The HTTP protocol does not affect content so if there is a problem
it is likely to be in the browser, either in DOM or in security.
Since signText seems to be built on e-mail security it may even
be S/MIME canonicalization involved.

Anders

----- Original Message ----- 
From: "eloy_iv" <[EMAIL PROTECTED]>
Newsgroups: mozilla.dev.tech.crypto
To: <>
Sent: Wednesday, April 25, 2007 13:35
Subject: Re: CRLF problem when verifiying a signature signtext()

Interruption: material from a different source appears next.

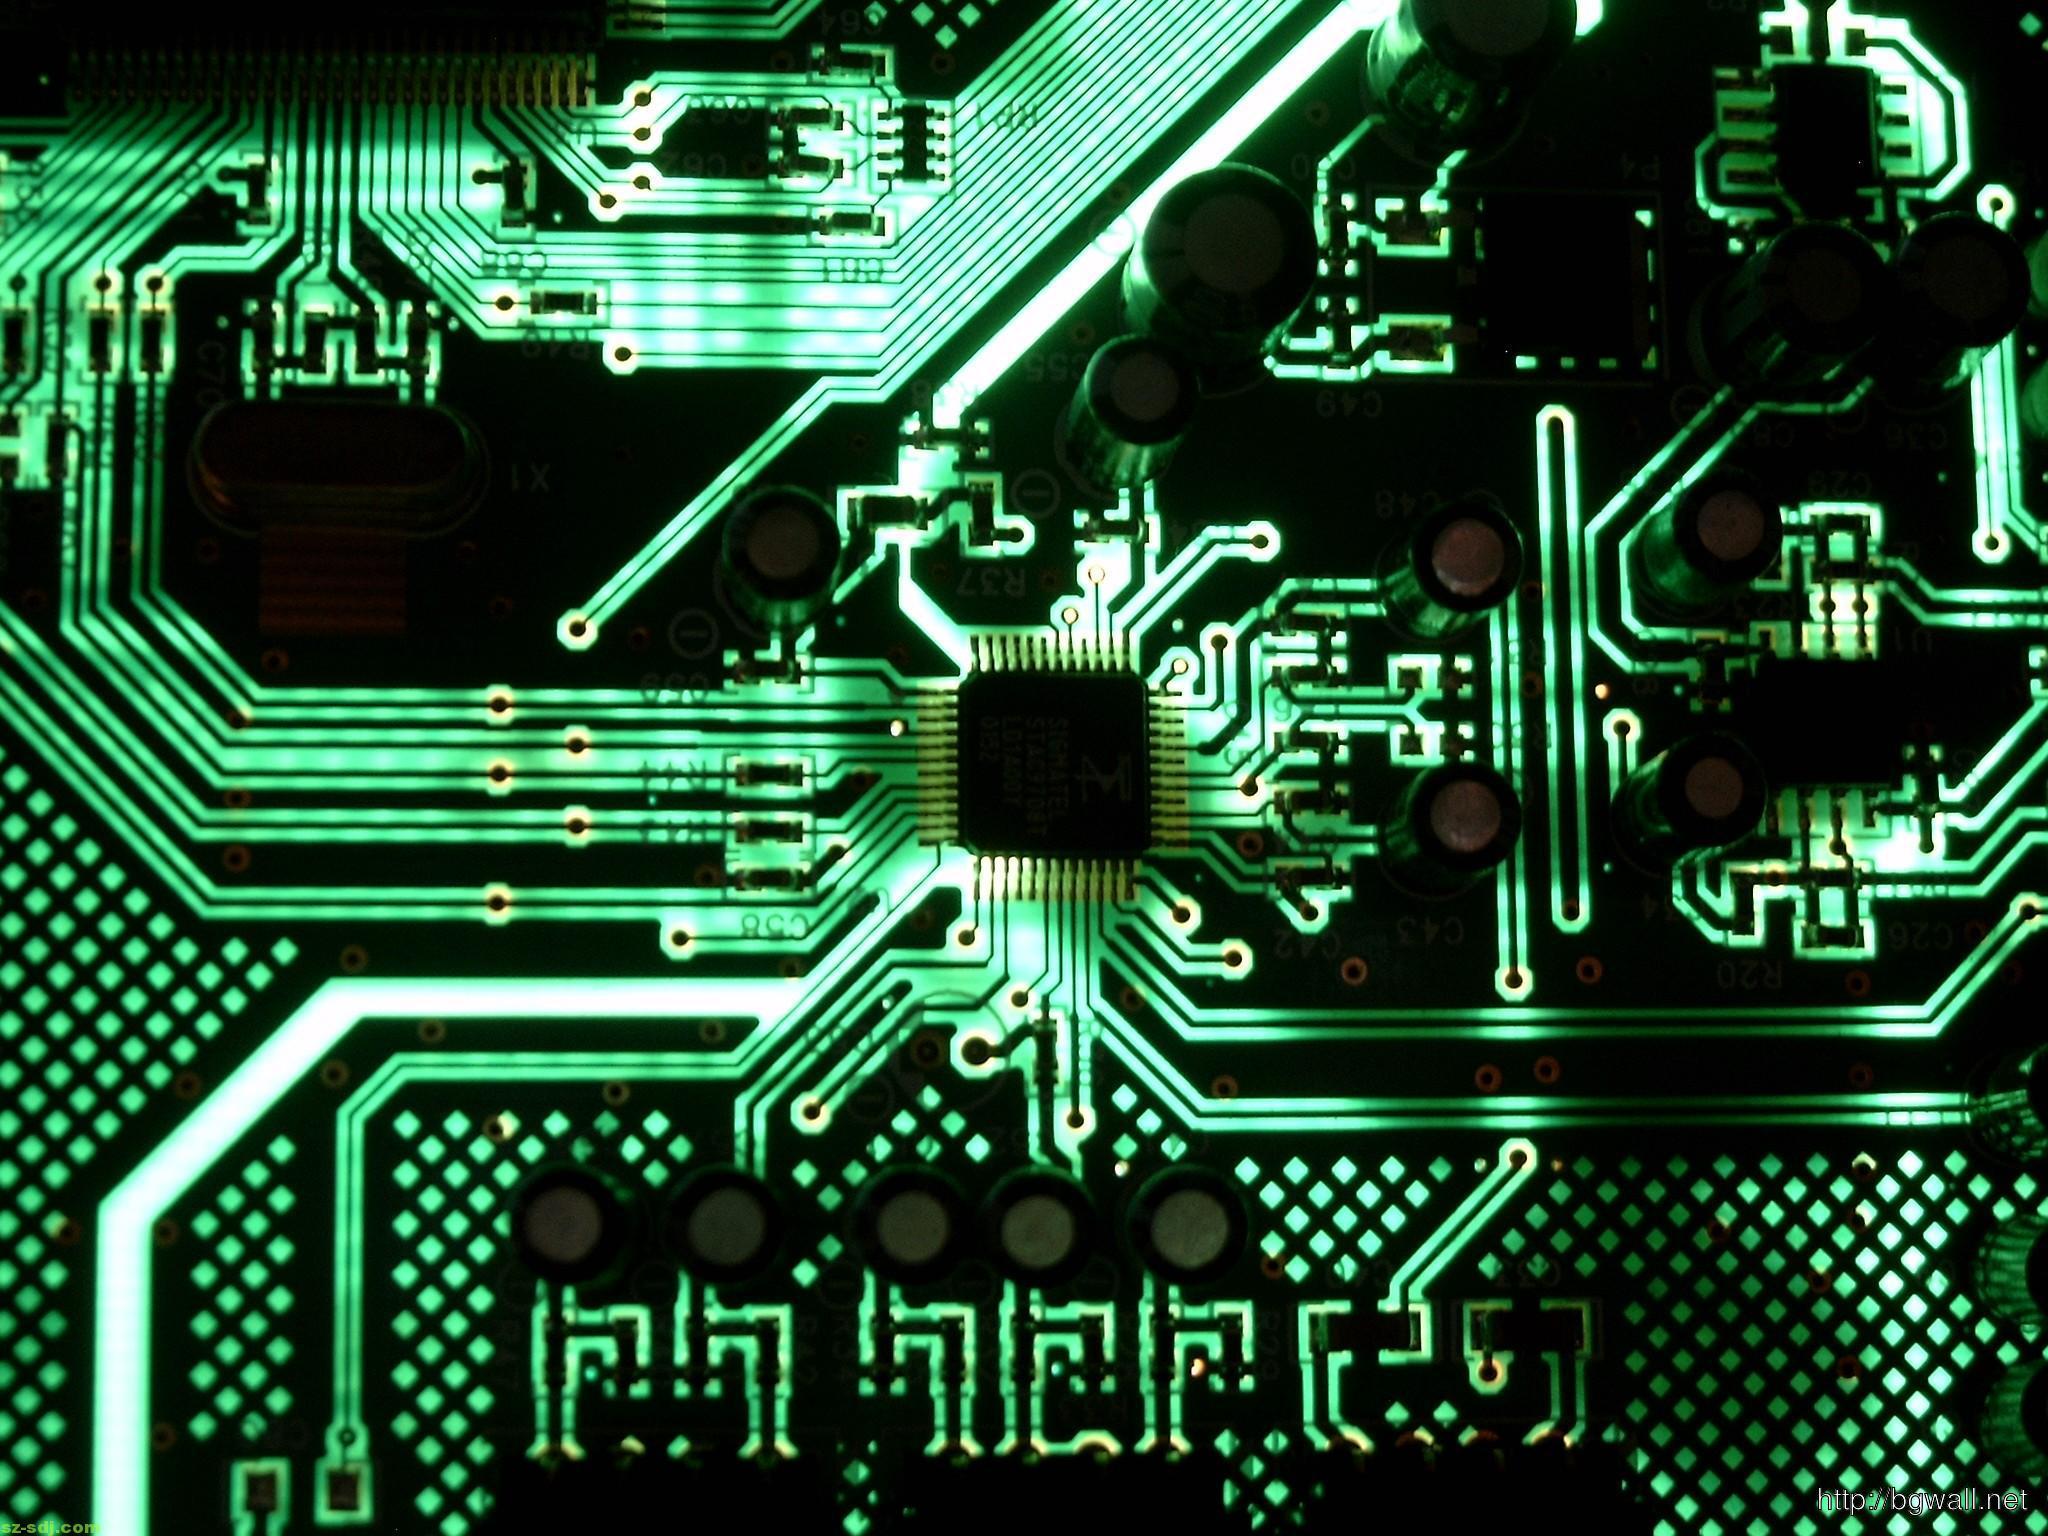 Hd Motorcycle Wallpaper Widescreen Green Motherboard Circuit Wallpaper Image Hd Background

After doing some thinking, the problem is how Javascript/DOM engine
interprets values in HTML documents.
Simply type some lines in a HTML textarea and ask its value from
Javascript. If you inspect every char code (String::charCodeAt(int))
you will see line breaks as single 0x0A byte (LF linefeed).
The same in IE would return 0x0D 0x0A pair (CRLF).
The question is, how is HTTP protocol providing line breaks on page
requests?
As LF or as CRLF?


On Apr 24, 10:47 am, Nelson Bolyard <[EMAIL PROTECTED]>
wrote:
> Mariano wrote:
> > I am having problems when verifying a signature produced with
> > crypto.signtext() in Firefox. The data is coming inside a textarea in the
> > HTML. It has several line breaks. When passing the to signtext(), the String
> > reads line breaks as one byte LF (0x13 ASCII). However, the original data 
> > has
> > CRLF line breaks, so signature verification fails.
>
> > Does anyone know why Javascript/Crypto takes line breaks as single byte LF
> > instead of CRLF?
>
> IIRC and IINM, the present implementation of crypto.signtext was contributed
> by a person who has no ongoing involvement with NSS or PSM.  So, that code
> is more or less an orphan.  It needs someone who will debug it.  Volunteers?